Table of Contents
In my previous post, I talked about how I wanted to print off my DBT flash cards, I thought I should create a post discussing my thoughts about dialectical behaviour therapy.
CBT
When trying to improve my mental health following a decade of depression and anxiety, I had the most popular form of therapy - cognitive behavioural therapy, or CBT. But I found it to be an extremely distressing experience, and although the process began with optimism, I soon felt dread at starting a session as they would always end with me upset crying and with a sense that I was so broken I couldn’t be fixed.
This was because I was constantly told off for not doing the activities properly, and questioned if I did actually want to get better, despite me trying my absolute best. I tried so hard to do all sorts of exercises, but when I would do them honestly I gave responses they didn’t like, or I said how difficult something was and told to just keep doing it anyway until it worked. It felt like they wanted me to gaslight myself and my emotions by pretending what I was feeling wasn’t real, and that if I simply lied to myself enough, then that would be the new reality.
So, I then figured out if I simply lied and said what they wanted to hear, I was then doing it right, and praised for now being cooperative. This only made things worse because it fed more and more into that idea of being unfixable - progress couldn’t be made when I was authentic, so how could I ever become truly better?
After my sessions ended, I came away more distraught and decided to admit defeat, that there was no possibility of getting better, and to instead find a way of coping with my issues rather than treat them.
DBT
I’m not sure how I stumbled across DBT, but I liked its approach of dealing with distress by not invalidating what I’m feeling, but instead focusing on calming me down and making me feel better.
DBT is broken down into four modules:
- Mindfulness
- Distress Tolerance
- Emotion Regulation
- Interpersonal Effectiveness
There are further components within these modules, known as skills. I find browsing the dbt.tools to be a really helpful overview of these with the easy to use navigation and simple language. For example, it summarises these following skills:
How Skill: To live fully, DBT encourages us to be non-judgmental, mindful of the moment, and to focus on the desired outcome for each situation.
Radical Acceptance Skill: Radical acceptance is the complete and total acceptance of reality. This means that you accept the reality of a situation in your mind, heart, and body. You stop fighting against the reality and accept it.
Build Mastery Skill: You can build mastery by doing things you enjoy. Whether it is reading, cooking, cleaning, fixing a car, working a cross word puzzle, or playing a musical instrument. Learn as much as you can about the subject in order to be well versed. Discuss what you have learned and write about what you have learned. Practice these things to build mastery and in time, feel competent.
FAST Skill: The FAST skill is an important component for communication as it allows you to maintain your self-respect and requires you to be truthful about the problems (even if you are tactful about how you frame them) and not to sacrifice your values or integrity.
be Fair, no Apologies, stick to Values, be Truthful
I have the website on my phone as a PWA (progressive web application), so I can quickly access it when I feel the need to. But I also wanted something more physical to hold and flick through, so I also have the aforementioned flash cards, which feature similar content to the dbt.tools website.
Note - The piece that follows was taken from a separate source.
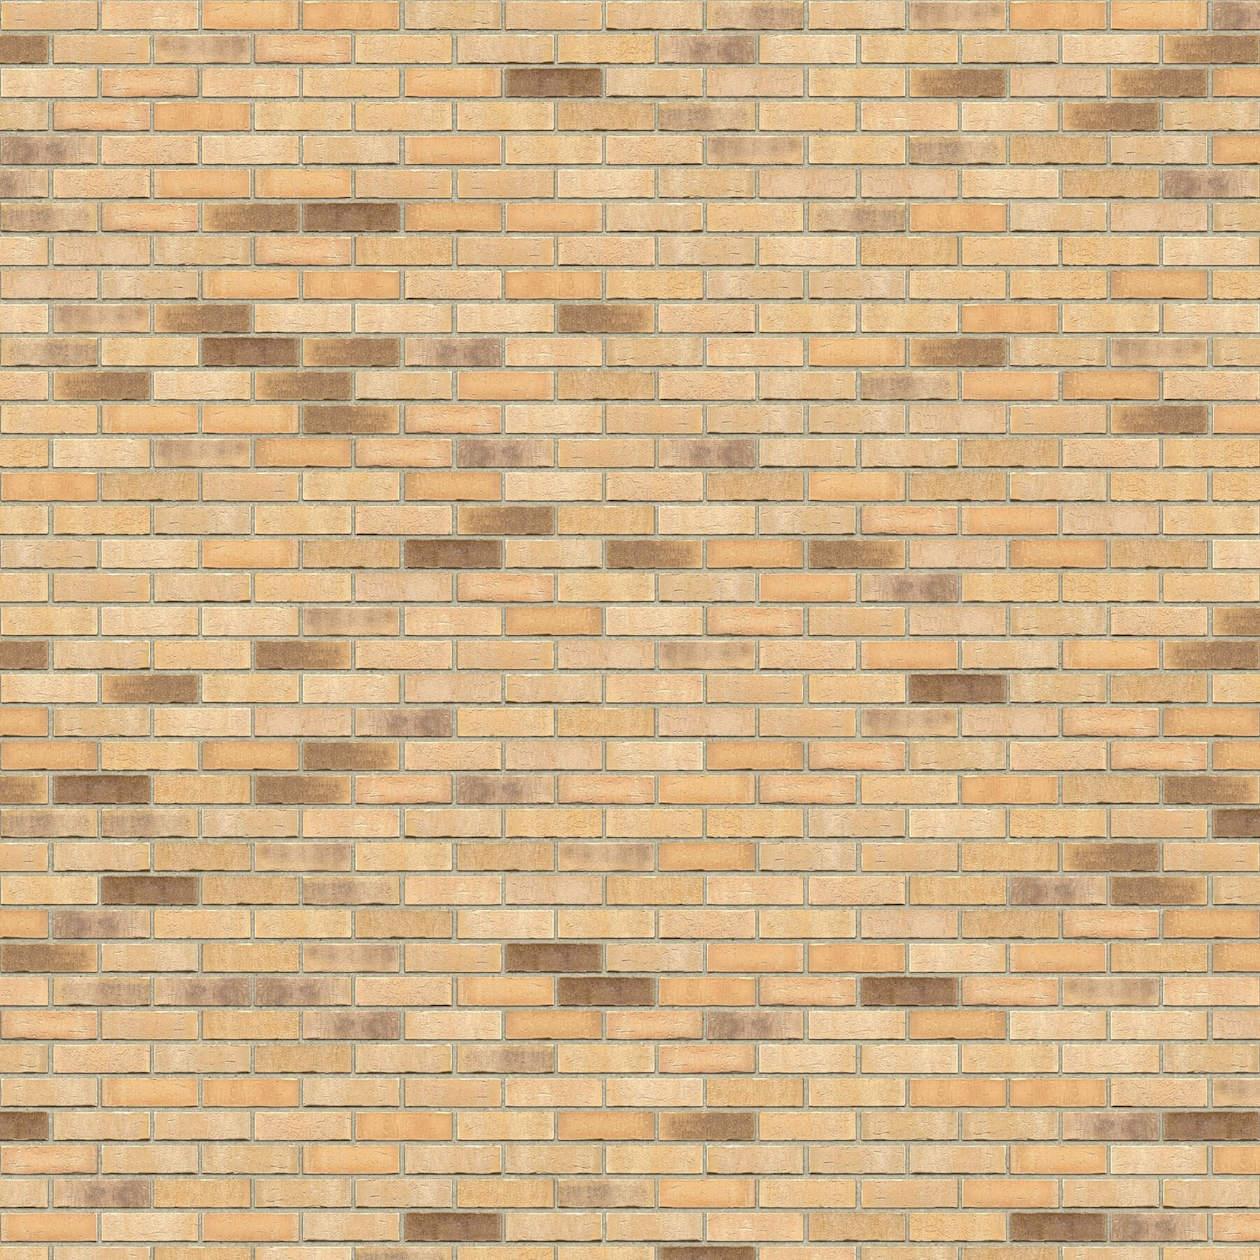 Puna-cigla-FeldHaus-Klinker-brick-house-Beograd-nf-k-723-Bez Fuga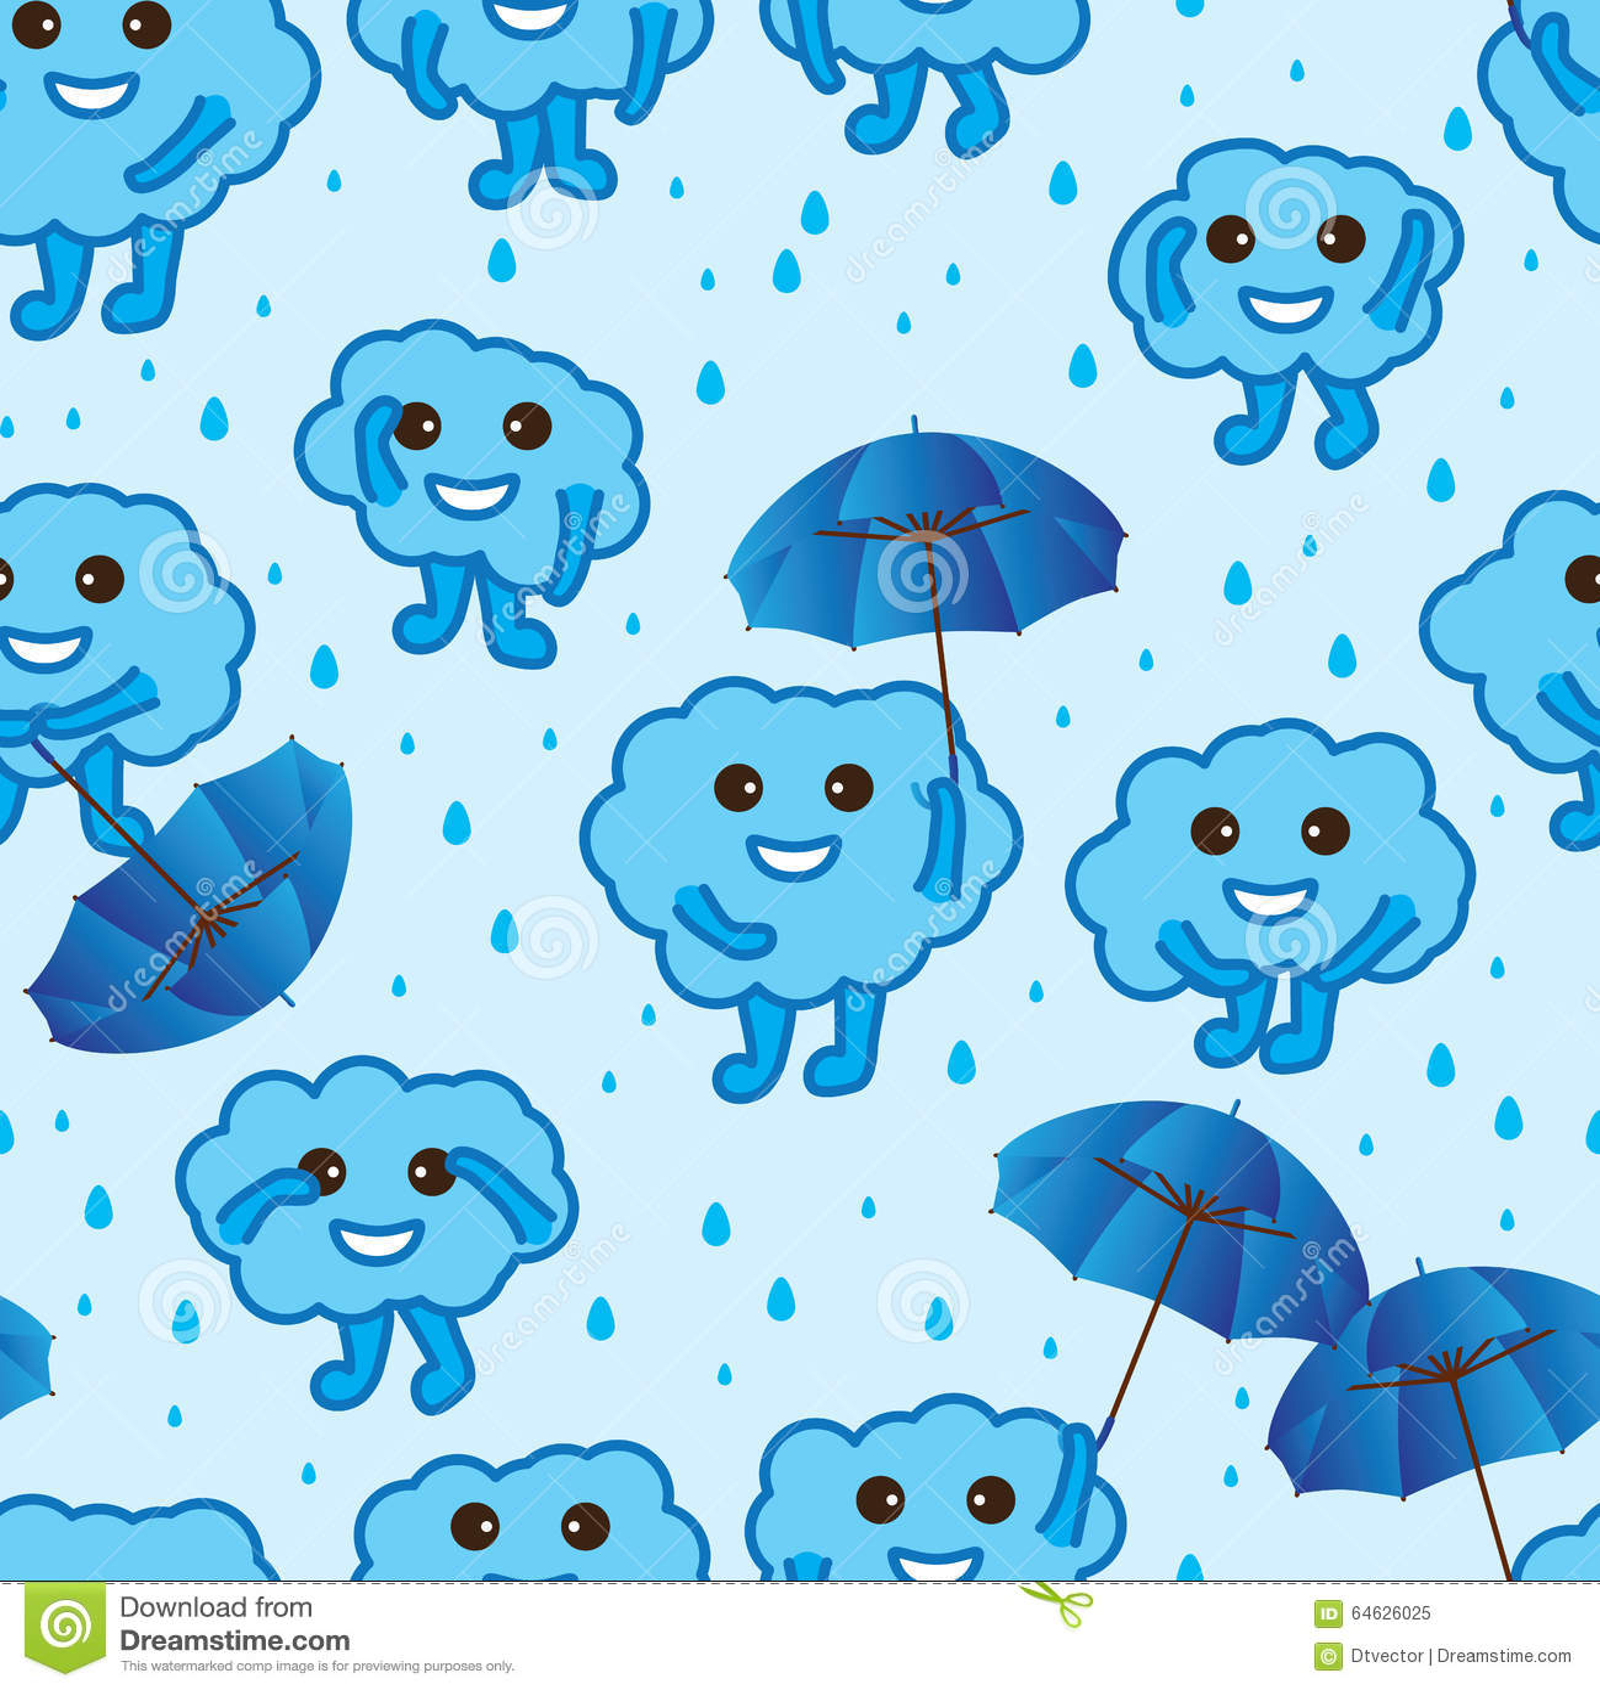 Cloud Happy Cute Blue Seamless Pattern

These, in combination with worksheets and audio I listen to about DBT, have helped me make progress towards better mental health. I’m not told my feelings aren’t true, or that I am doing an exercise or activity incorrectly simply because I’m not doing it the way that is expected. Instead, solutions are presented to help with immediate distress as well as steps towards feeling better in the long-term, with these done in a much more positive mindset than the negativity I felt with CBT.
Going Forward
While I still have issues with anxiety, my depression has drastically reduced in the past couple of years, and I think that is heavily connected to discovering that I am autistic, as the world and the difficulties I faced now make so much more sense, and that has led to a greater acceptance of who I am as a person. Nonetheless, I still refer back to DBT regularly, either when distressed or when in a good mindset and feel able to try improve my overall wellbeing. I think many aspects within DBT are beneficial for good wellbeing, and believe if I was taught them when growing up, I would have probably been better equipped with dealing with my emotions.
That’s not to say DBT may be a good fit for you, and similarly, you might have had a great experience with CBT. My wish is that people have greater choice when it comes to options for improving their mental health and wellbeing. It sadly feels that due to budget constraints, people are funnelled towards the cheapest option available and what is most commonly taught, rather than what may be actually most helpful.